Quote Originally Posted by rkennedy9064 View Post
I just finished building an arraylist class in c++ and was wondering if i did the add method right. I did java programming before but am new with pointers. If anyone has any time could you check out the add method of my code and tell me if you see any flaws. If i did it right then it should double the arrays size every time it fills up and then have my lits point to it.

Code:
template <class element>
void ArrayList<element>::add(const element& item)
{
    if(length == maxSize)
    {
        maxSize *= 2;
        element *temp = new element[maxSize];

        for(int i = 0; i < length; i++)
        {
            temp[i] = list[i];
        }

        delete [] list;
        list = temp;
        temp = NULL;
    }
    
    list[length] = item;
    length++;
}
If this is not an exercise, then you did it wrong. The correct way to do it would have been to use a vector.
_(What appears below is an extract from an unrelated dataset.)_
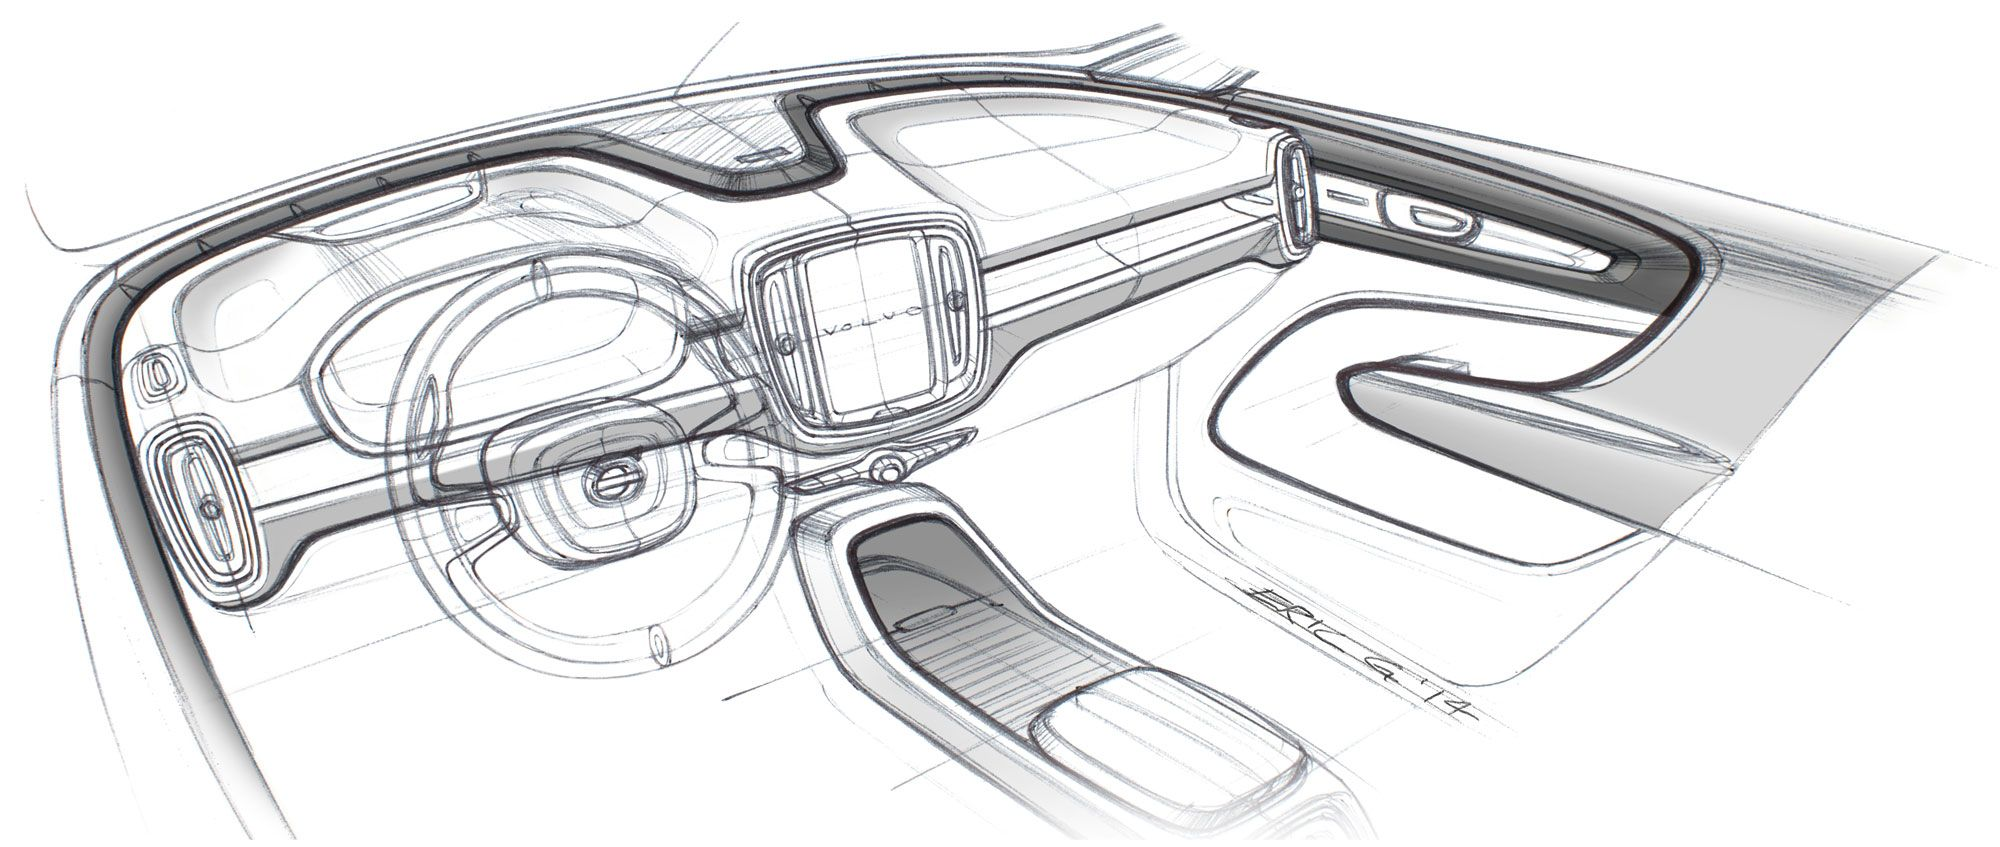 Pin By Josh Ortega On Car Design Interior Sketches Car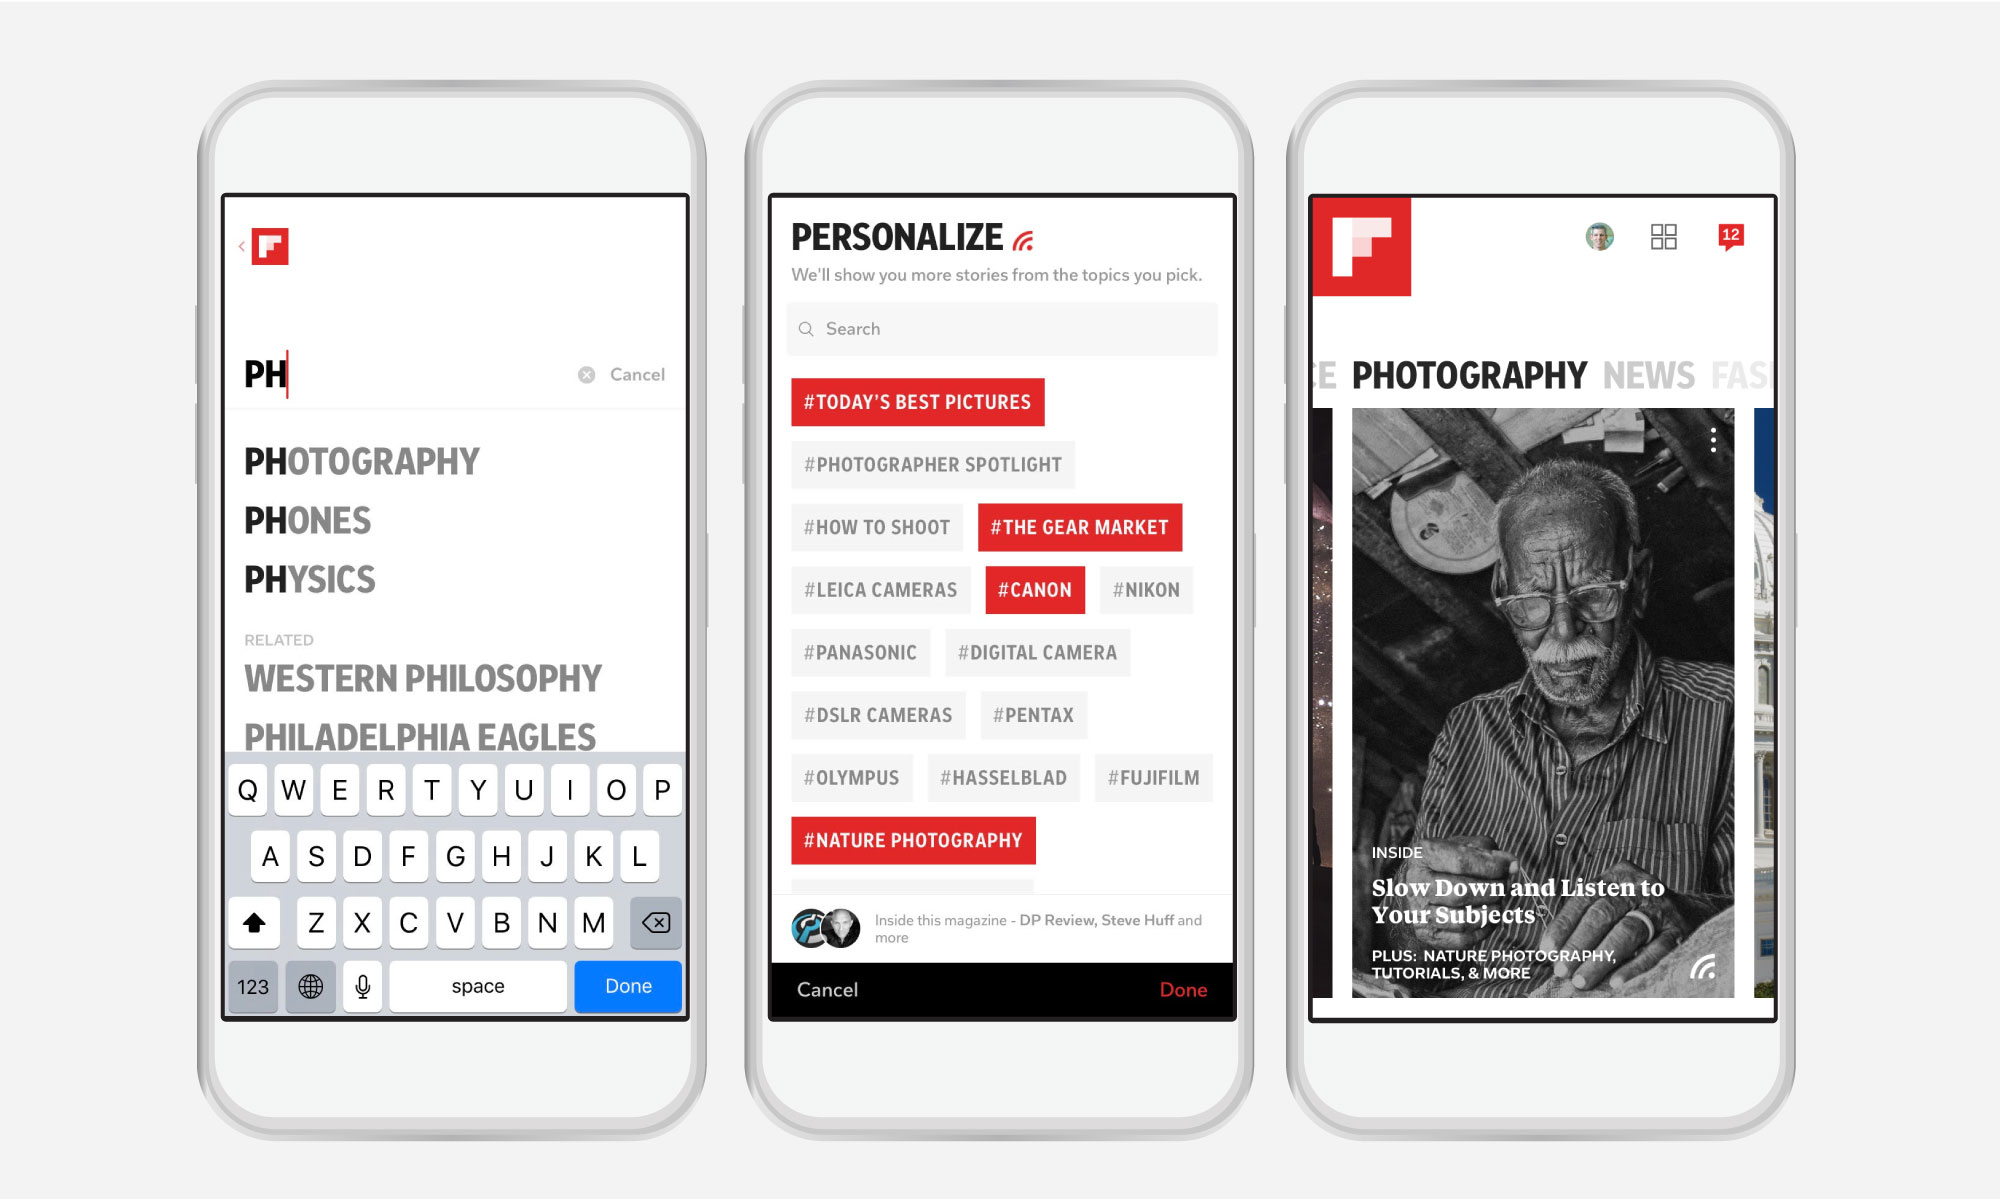 Flipboard's new passion picker interface

That said, from a coding point of view, your code works, but it is not memory leak free in case of exceptions. If you have an exception before the end of the function, you will exit before having deleted temp.

There are two ways to solve this:
1 - (IMO the "bad" way): use try catch and always delete.
2 - (IMO the "good" way): Create the memory in a RAII object. For example, another ArrayList (we'll call it arrayList2). Simply fill this arrayList2, while making sure it has pre-allocated maxSize*2. Once you are done, just swap the list pointers from both objects. Your current object will be bigger, and the arrayList2 will contain the "old" data, and will be destroyed along with arrayList2 on leaving the method. If there is ANYTHING that goes wrong, and you prematurely exit, rest assured that ArrayList's destructor will be doing the cleanup. Another advantage is this gives you a "strong" exception safety. Basically, you are guaranteeing that should an exception occur, your *this object will not be modified.